Автор книги: Павел Дартс
Жанры:
Боевики
,сообщить о нарушении
Текущая страница: 91 (всего у книги 132 страниц)
СМЕРТЬ ГРОМОСЕЕВА
Григорий, весь очень «тактический», то есть в отличном зимнем натовском камуфляже, в чёрной полицейской импортной же разгрузке, в щегольском защитного цвета берете с блестящей какой-то эмблемой, направился было к выходу на улицу, очевидно что выполнять распоряжение Громосеева, но тут Борис Андреевич придержал его за рукав:
– Постой, постой, Гриша, не спеши… помнишь, о чём с тобой в прошлый раз-то говорили?
– Ну, помню… – притормозил тот, – И чо?
– Ну, как бы… «-Благословен влюбленный, но не ты – Ленивый ученик тебе сродни. Благословенны вздохи и мечты, И взгляды любящих, и месяцы, и дни…»
– Чего-чего?..
– Не спеши, говорю.
– Чего «не спеши»?.. – Григорий, судя по голосу, ухмыльнулся, – Попадалово нарисовалось, а, Андреич?.. Накосячил?
– О, как ты прав, судьбу мою браня… Не спеши, говорю.
– И чо?
– И то. Чо ты как собачка – Громосеев велел – ты и поскакал?.. Может, ты ещё сам побежишь к этому, к Иванычу, и народ созывать?

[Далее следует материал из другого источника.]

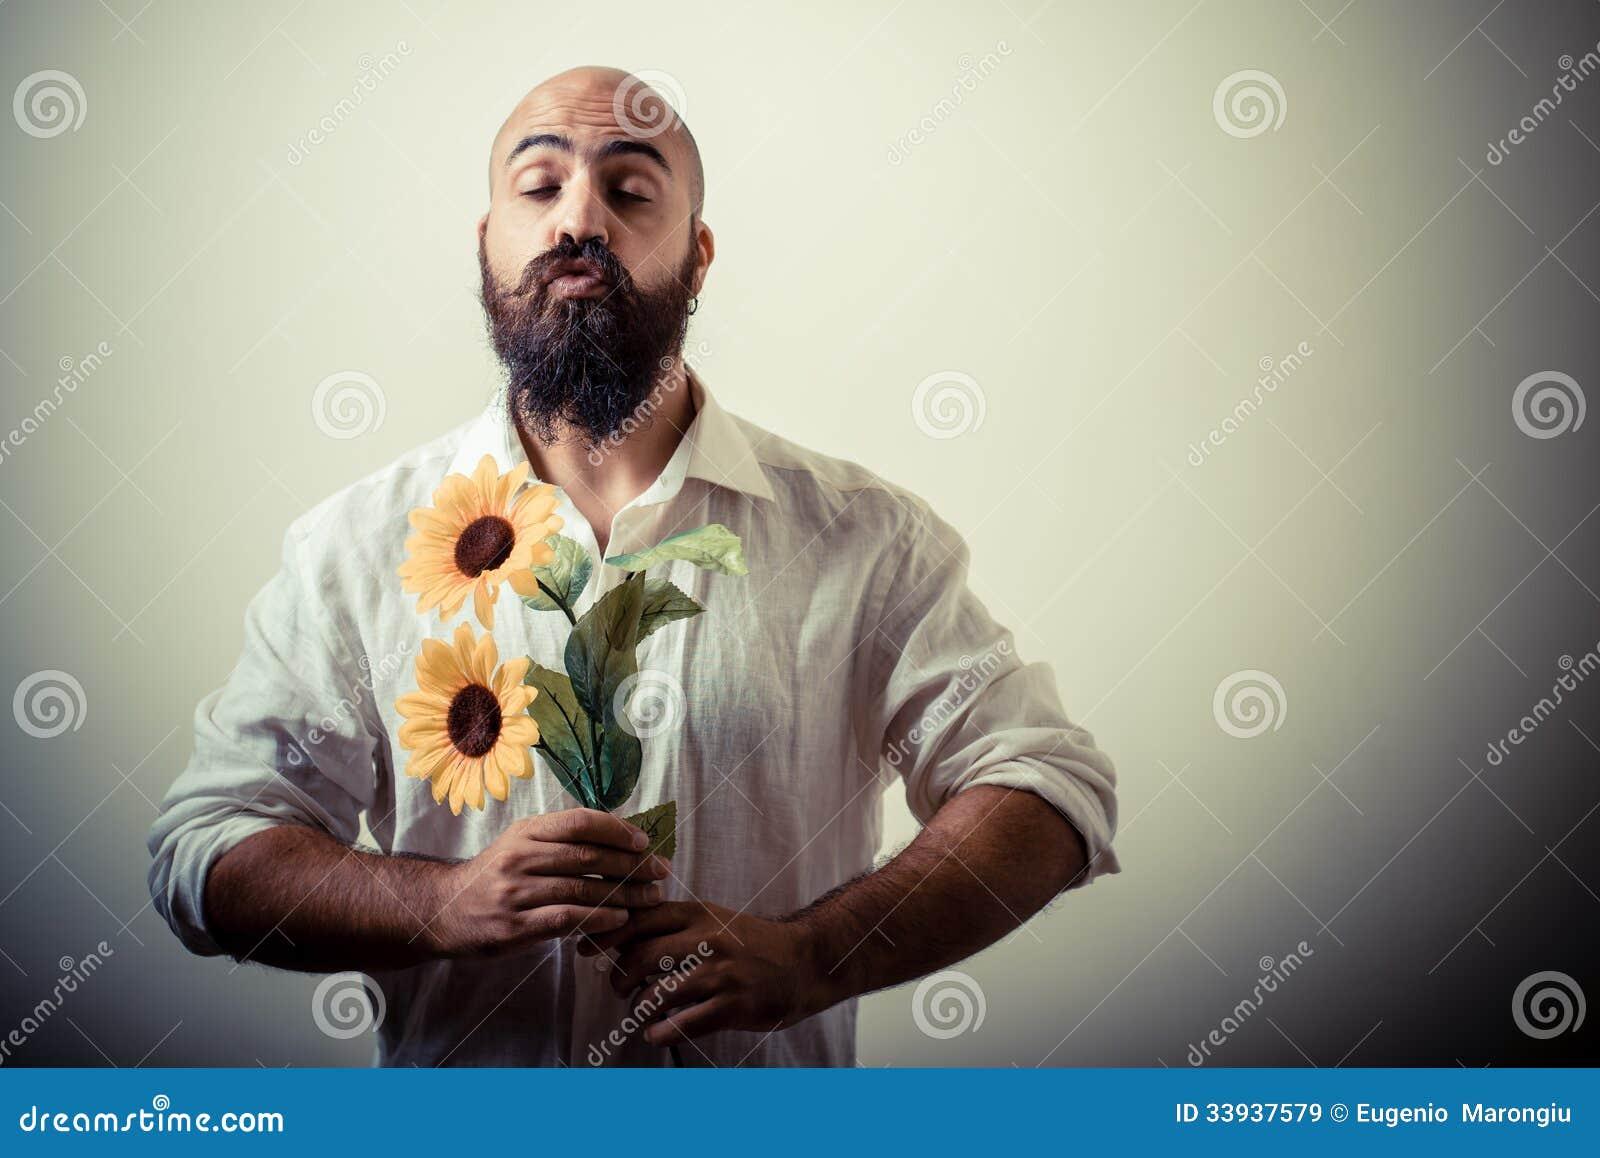 Langer Bart Und Schnurrbartmann Der Blumen Gibt Stockbild Bild

– Но. Ты это, не наезжай! – голос Гришки посуровел, – У тя залёт, – я-то тут при чём?? Я Громосееву не шестёрка, просто… просто одно дело делаем!
– Одно дело, одно дело… Одно да не одно! Пойдём-ка на два слова…
Дверь скрипнула, открываясь; Витька едва успел отпрыгнуть, как в коморку вошли староста и Гришка. Григорий в своём зимнем шикарном обмундировании, с висящим за спиной автоматом сразу заполнил собой почти всю каморку. Витька был сразу обнаружен, но, против ожиданий, не был не то что наказан или сразу же предъявлен уполномоченному, а, казалось, был просто принят к сведению, как деталь интерьера: Гришка просто мазнул по нему взглядом, а Борис Андреевич лишь заметил:
– Ховаешься? Это правильно. Смотайся-ка сейчас сам за этими, за юристом-журналистом! И сам, смотри, не вздумай сбежать – найду! – он погрозил пальцем с таким выражением на лице, что у Витьки сразу пропала охота тикать в лес, как он только что собирался.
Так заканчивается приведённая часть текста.